Son herramientas para cuando hay mucho en juego, no para cuando tienes hambre y te apetece un aperitivo.
—Empiezas a usarlas para todo…
y olvidas lo que significa ganarte algo.
Empiezas a depender de ellas.
Y cuando eso pasa, dejan de ser especiales.
También dejas de sentirte humano.
Luego señaló al ave mientras continuaba diciendo:
—La caza también se supone que trata sobre la persecución.
La paciencia.
La muerte.
Si quitas todo eso con una espada o un truco mental, ¿qué te queda?
—…Un cadáver que no significa nada.
Una comida por la que no luchaste.
Eso no es una caza.
Eso es solo pereza envuelta en poder.
Sus palabras flotaron en el silencio que siguió, pesadas y afiladas.

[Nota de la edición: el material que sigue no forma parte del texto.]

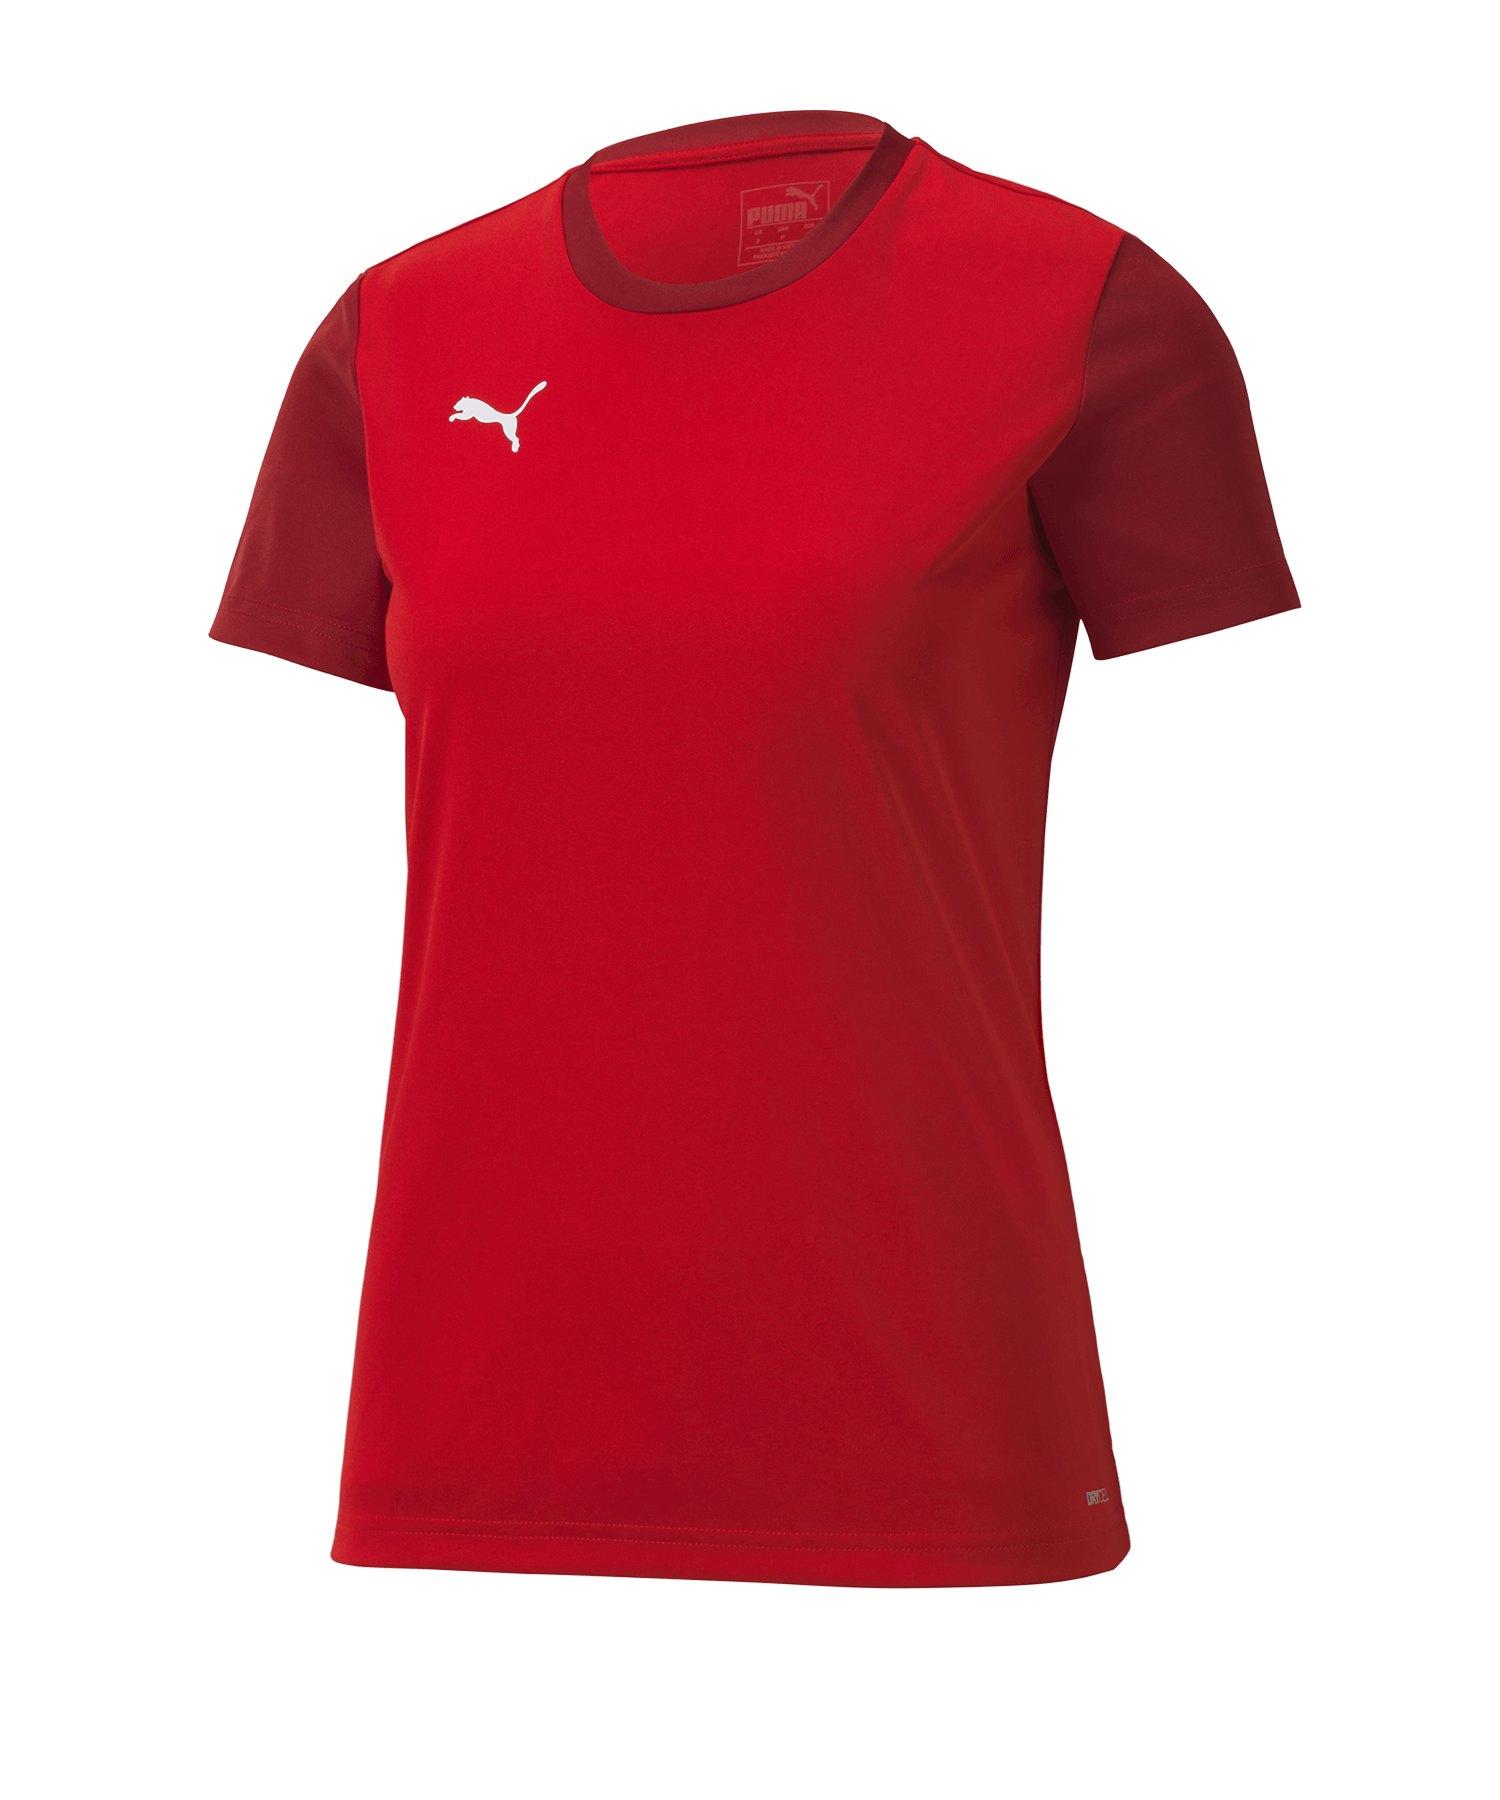 PUMA teamGOAL 23 Sideline Tee T-Shirt Damen F01 - rot

El rosa de los ojos de Charlotte se desvaneció, y la espada tras Yelena se desmaterializó lentamente en el aire.
Ninguna de las dos dijo nada al principio.
Entonces Yelena enarcó una ceja, cruzándose de brazos de nuevo.
—Muy bien, filósofo.
De acuerdo.
Sin poderes.
¿Y qué vamos a hacer, eh?
No es que tengamos rifles por casa para dispararle a ese pájaro.
¿Piensas tirarle una piedra y ya?
Lo había dicho en broma, pero…
—¿Una piedra?
—Mika parpadeó y luego se giró lentamente hacia ella con una sonrisa extendiéndose por su rostro—.
En realidad, es una gran idea.
Yelena hizo una pausa, frunciendo el ceño.
—Espera.
No.
No lo decía en serio…
Pero él ya se estaba agachando, escudriñando el suelo hasta que encontró una piedra lisa, del tamaño de la palma de una mano, y la recogió con delicadeza, como si fuera un artefacto precioso.
—Antiguamente…
—dijo, levantándose lentamente—.
Mucho antes de que el hombre tuviera arcos o lanzas, herramientas o trampas…
no tenía nada.
Solo sus manos desnudas y un cerebro un poco menos inútil que el de un chimpancé…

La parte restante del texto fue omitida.